Dude! My whole point was to separate the two concepts so the issues you are describing don't come up...


----------



## DEFCON 1 (Oct 24, 2022)

Ulorian - Agent of Chaos said:


> Dude! My whole point was to separate the two concepts so the issues you are describing don't come up...



Okay, then nevermind.  I guess I'm not getting it, so I'll just let it go.  Doesn't matter anyway like you said.


----------



## Ulorian - Agent of Chaos (Oct 24, 2022)

DEFCON 1 said:


> Okay, then nevermind.  I guess I'm not getting it, so I'll just let it go.  Doesn't matter anyway like you said.

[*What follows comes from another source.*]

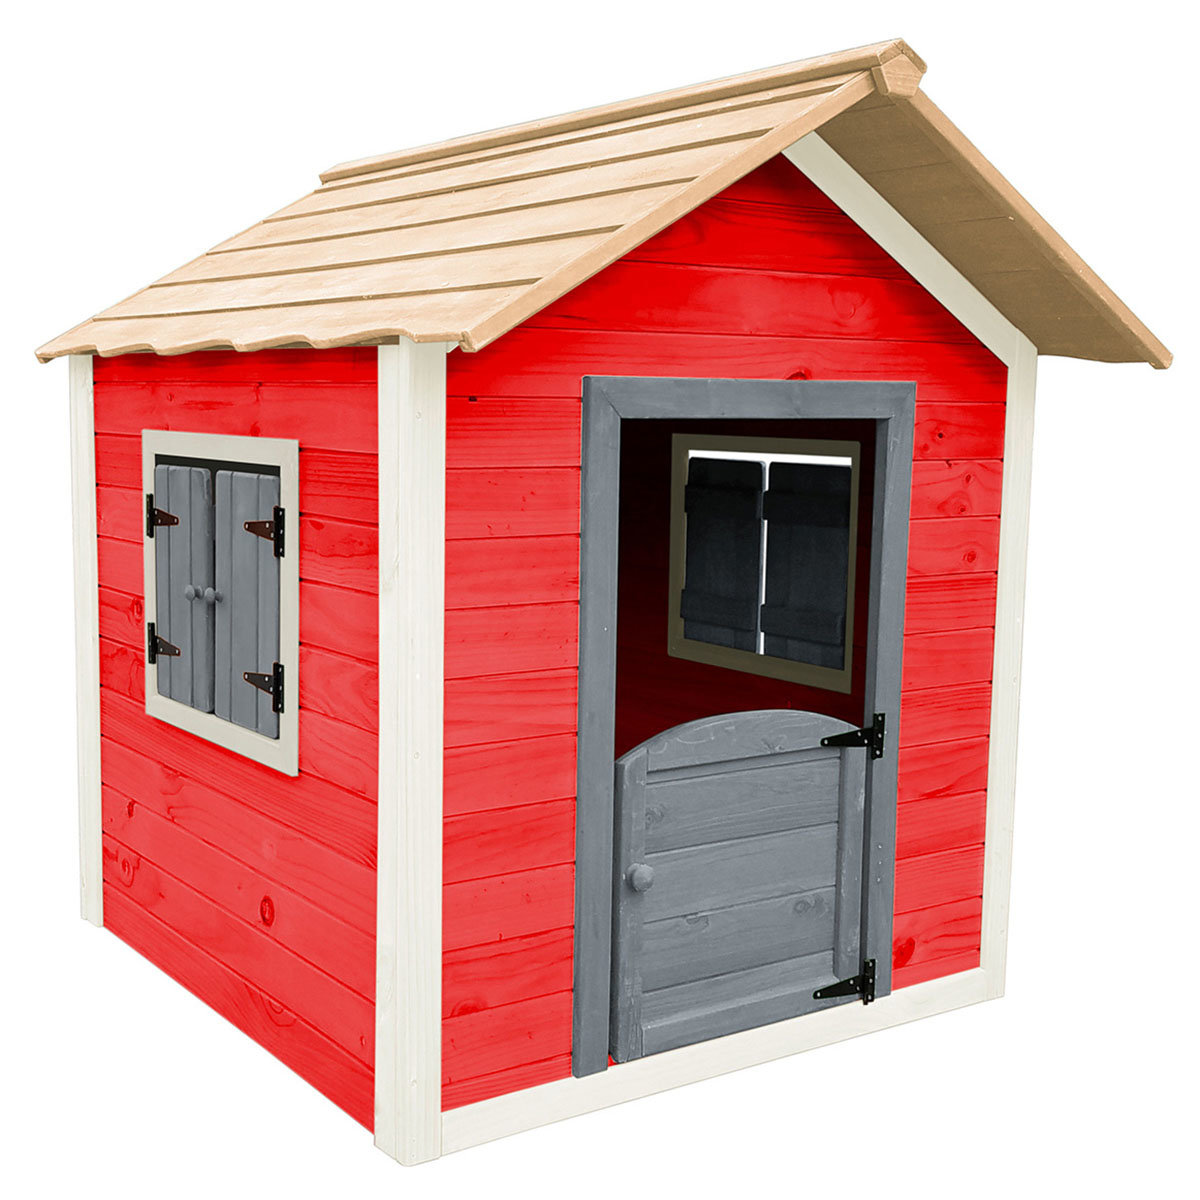 Kinder Spielhaus kleines Schloss, rot und weiß lasiert, ca. 138 x 118 x 132,5 cm | #8

Well, poop. I wanted you to get it.


----------



## Parmandur (Oct 24, 2022)

Ulorian - Agent of Chaos said:


> This assumes that they are leaning into having feats be mandatory. Which is the impression I get from having a Background grant a Feat (granted that this is just a playtest thing).
> 
> If they maintain status quo, though, then my concept makes PCs at tables which allow feats more powerful. But that is a power upgrade that targets all PCs equally. Which is a minimal adjustment for the DM... just throw more monsters, etc. to adjust for the increased party power level.
> 
> But it does seem (to me anyway) that they are implementing feats as mandatory.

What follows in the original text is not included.